Who implemented dialback by playing with jabberd?


(I have to admit that the figure in rfc 3920 8.2 was really helpful)

I would not advise people who can not deal with the confusion perceived
by you in the (corrected) version 0.8 to attempt implementing dialback,
because what happens on the wire is even more complicated.

At one time I worked on extremely detailed server-to-server examples in
XEP-0238 (XMPP Protocol Flows for Inter-Domain Federation) but it was a
lot of work to maintain.

0238 is really great at showing why we need to get rid of EXTERNAL (-:

So I do not see why now, after 18 months, this change is necessary nor
why it has to be done over the weekend.

Because mixing the directions in the middle of the examples is extremely
confusing.

The direction changes between sub-subsections, not in the middle of the examples. The initial 0.4 was quite explicit about the who-is-who in the header, for 2.1 it had something along the lines of:

(still using the old 0.3 hostnames)
> This subsection describes the interaction between the Originating
> Server ('example.org') and the Receiving Server ('xmpp.example.com'),
> from the perspective of the Originating Server.

That way, the 'send' operation/direction was always using from=example.org in section 2.1 whereas the recv was always associated with to=example.org in 2.2.

Your way switches send/recv, e.g. in 2.1.1 and 2.2.1 sender.tld is sending, in 2.1.2 and 2.2.2 target.tld is sending.

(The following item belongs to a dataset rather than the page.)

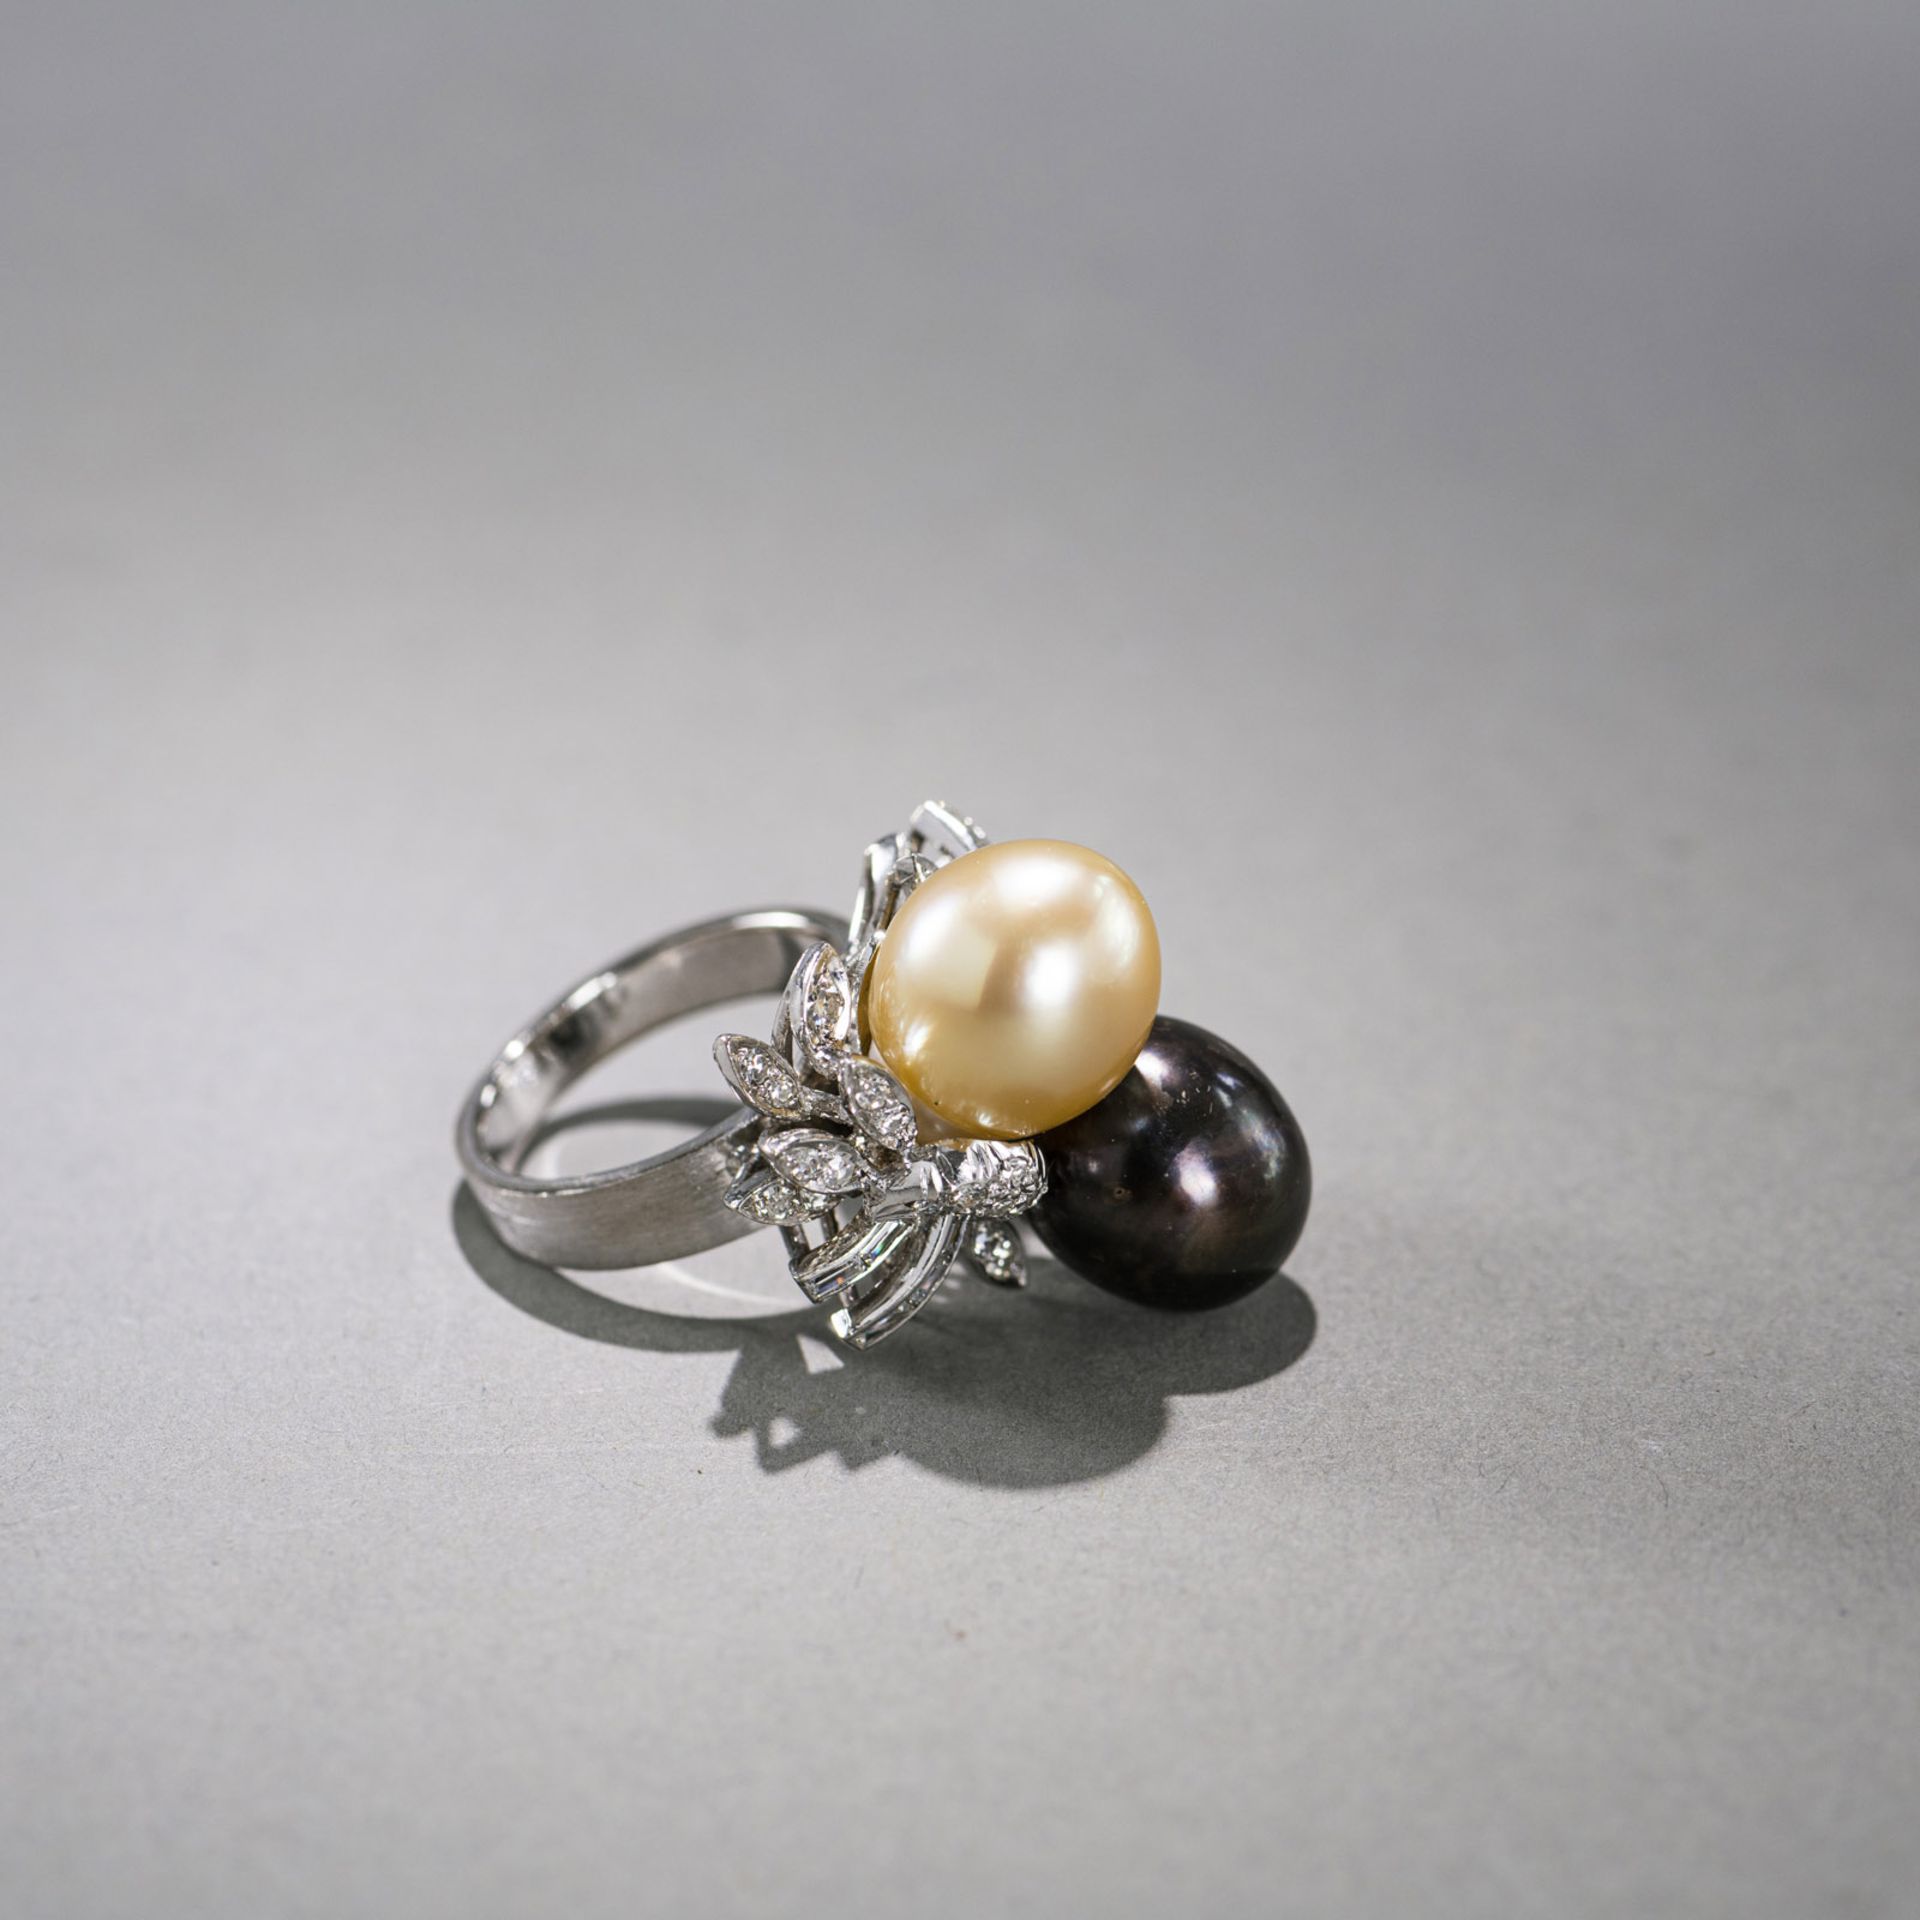 A DECORATIVE PEARL AND DIAMOND RING

That is less confusing?
(obviously, the suggestive hostnames are not helpful)

Now, I'd be fine with adding another *complete* set of examples showing
the negotiation in direction 2, resulting in sections like this:

I think we can get a shorter version of this by adding another figure in section 1.3 which shows the second direction and say where the examples plug in.

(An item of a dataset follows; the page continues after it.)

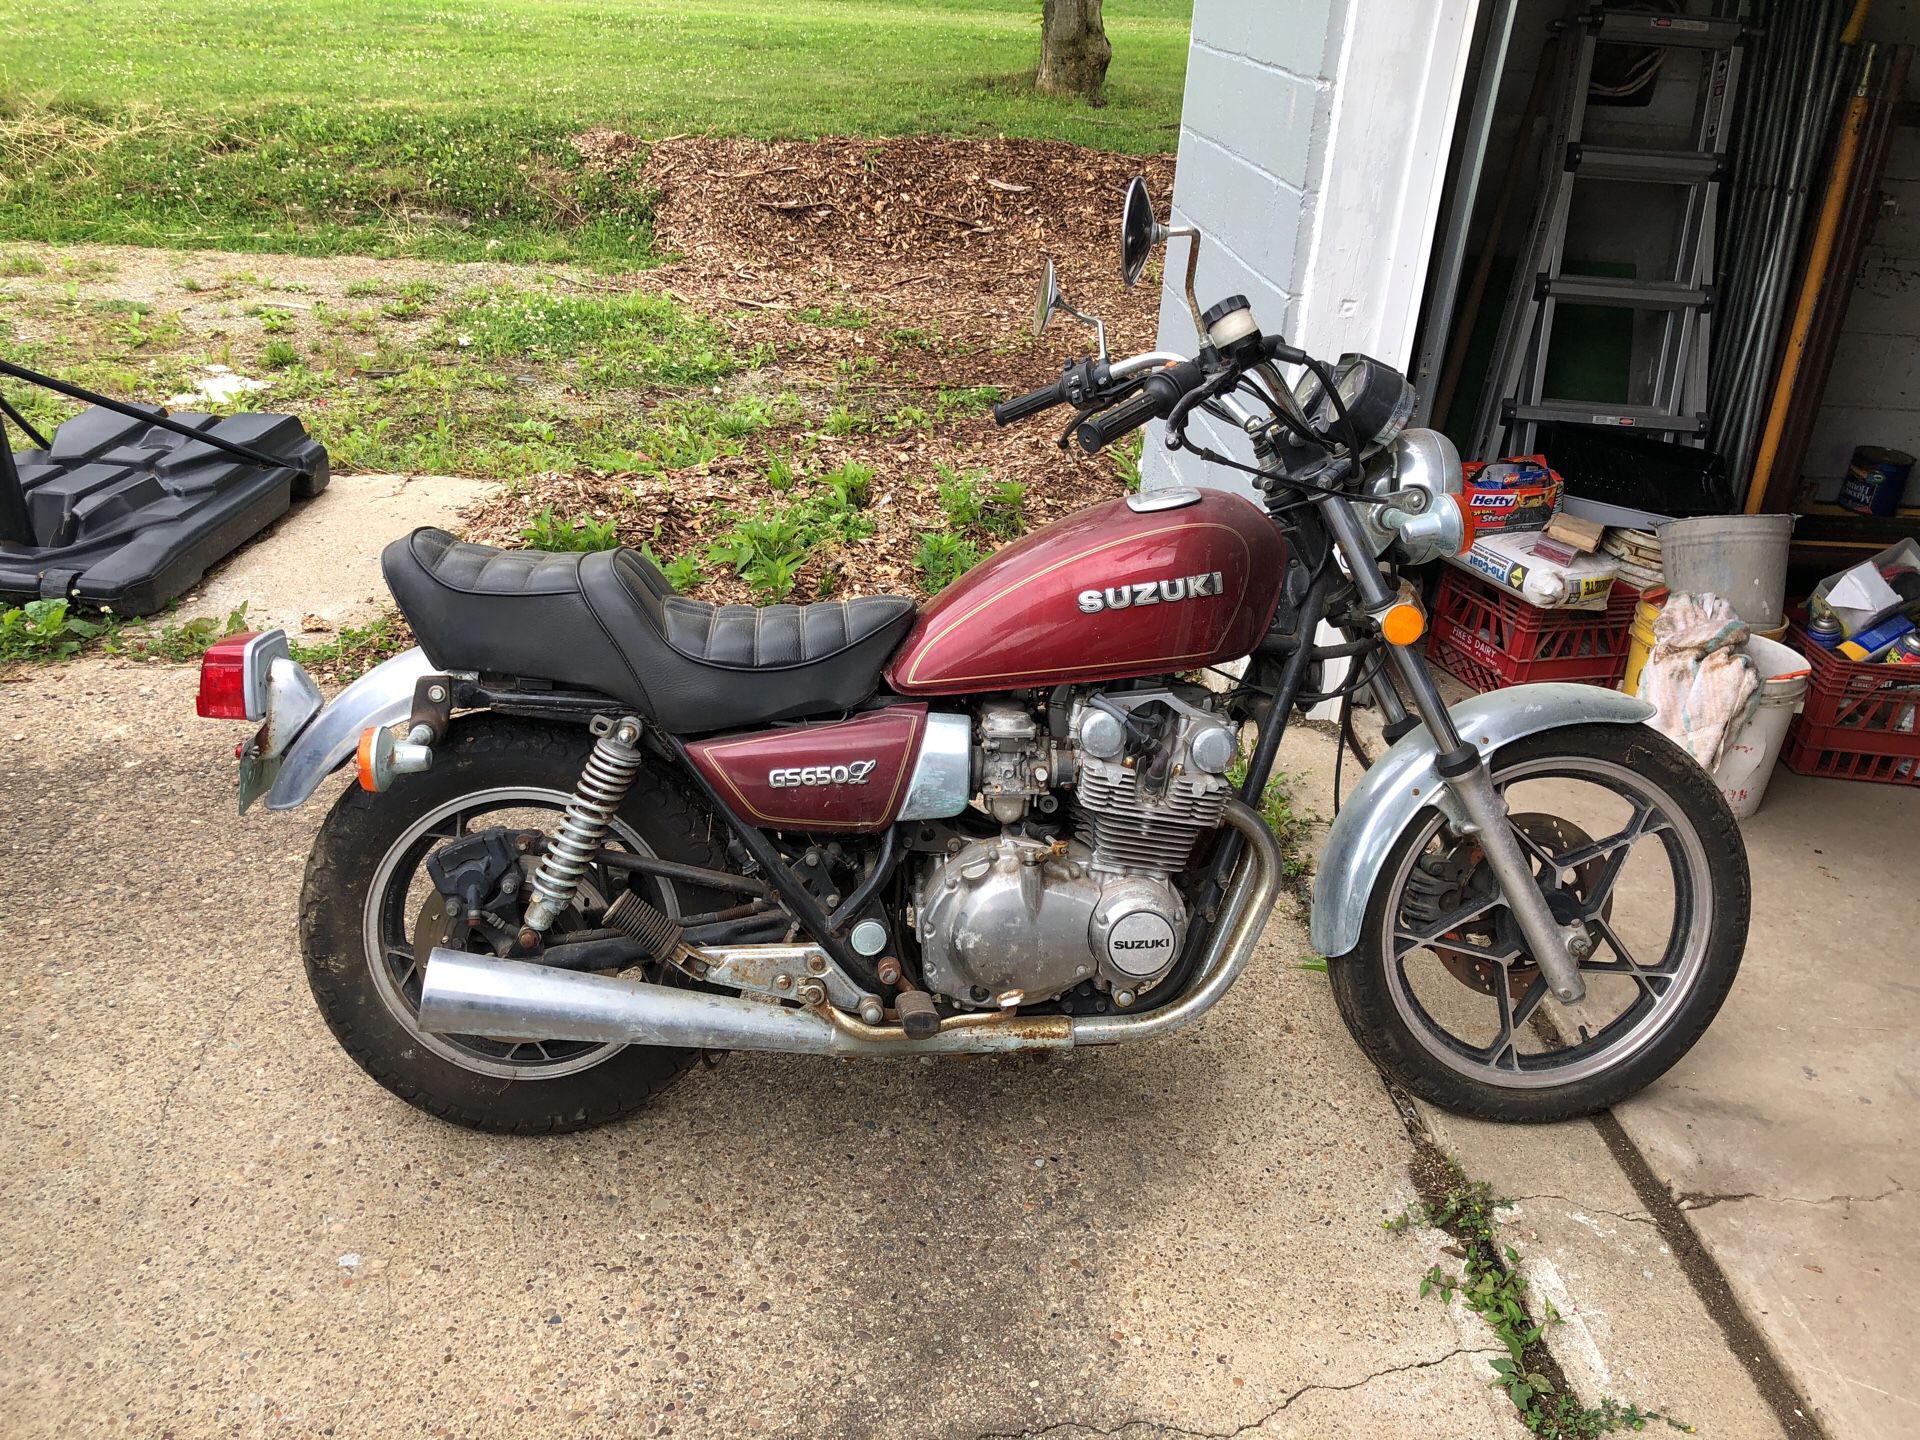 Suzuki GS650L Motorcycle For Parts or Repair

2. "Protocol Flow for Negotiating Connection From sender.tld to target.tld"

(i.e., the current Sections 2.1 and 2.2)
>
3. "Directionality"

(i.e., the current Section 2.3)

(which is currently not very explicit regarding the use of a different tcp connection for this)

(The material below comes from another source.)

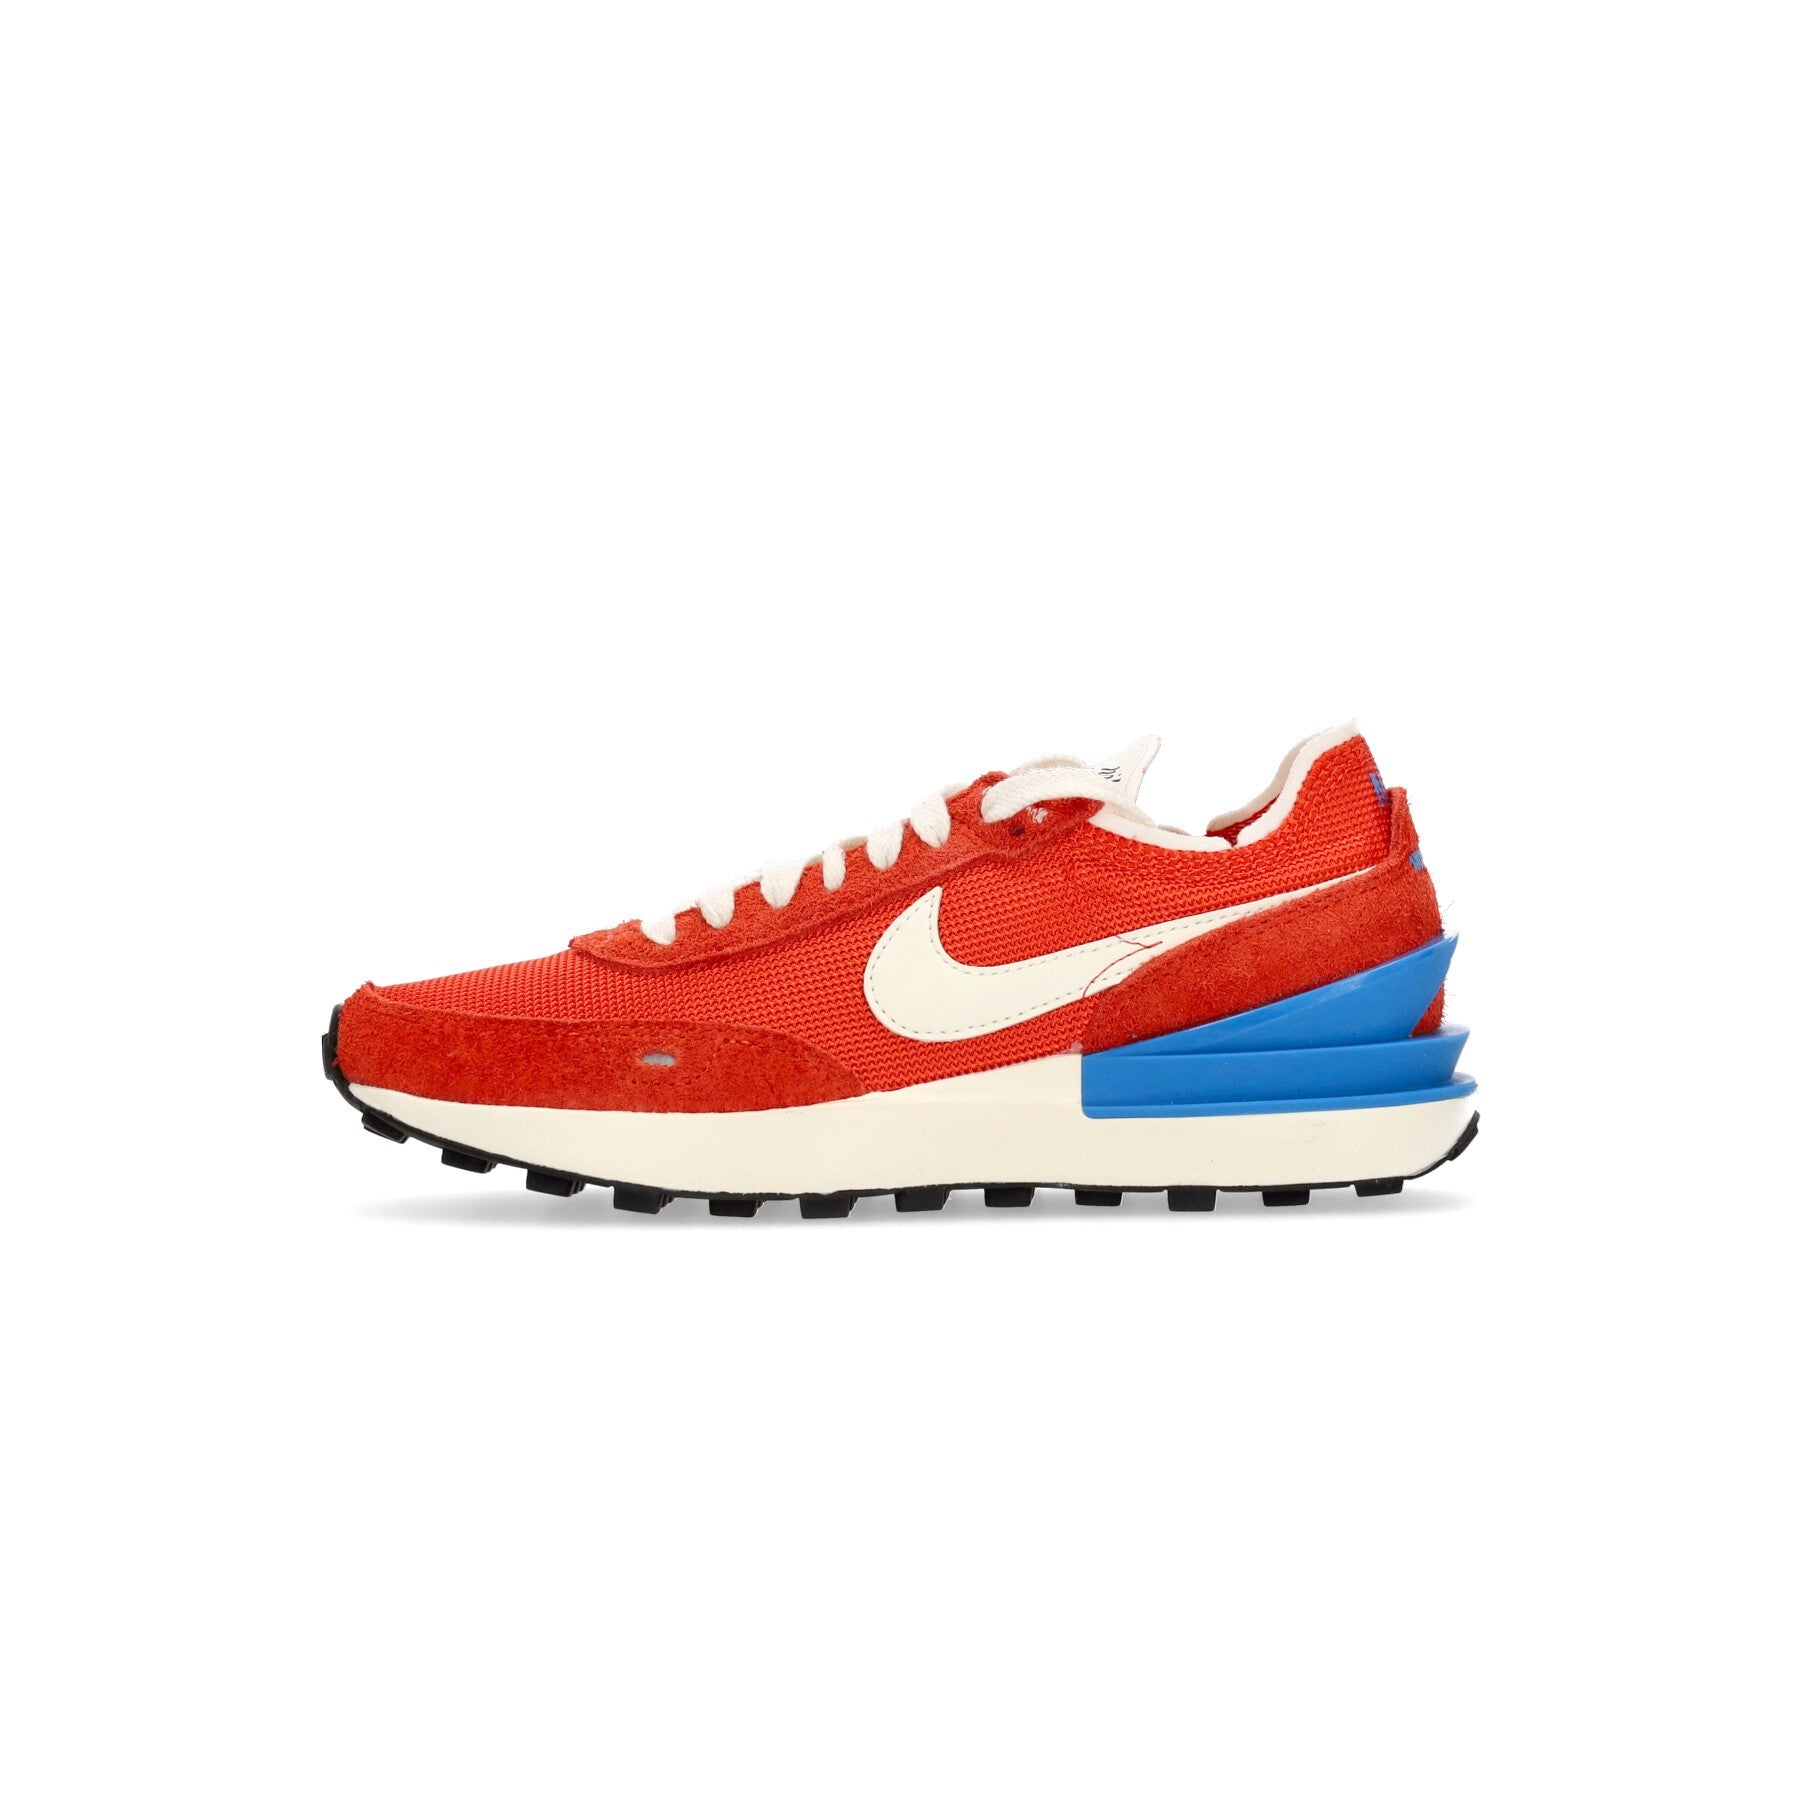 Nike, Scarpa Bassa Donna W Waffle One Vintage, Picante Red/sail/lt Photo Blue

4. "Protocol Flow for Negotiating Connection From target.tld to sender.tld"

(new section similar to 2.1 and 2.2 but in the other direction, so we
don't leave direction 2 as an exercise for the reader as in RFC 3920)

Some implementations will start to negotiate this before the other dialback process is finished. So a simplified "first this direction, then the other direction" description is not helpful (see e.g. http://mail.jabber.org/pipermail/standards/2010-April/023420.html ).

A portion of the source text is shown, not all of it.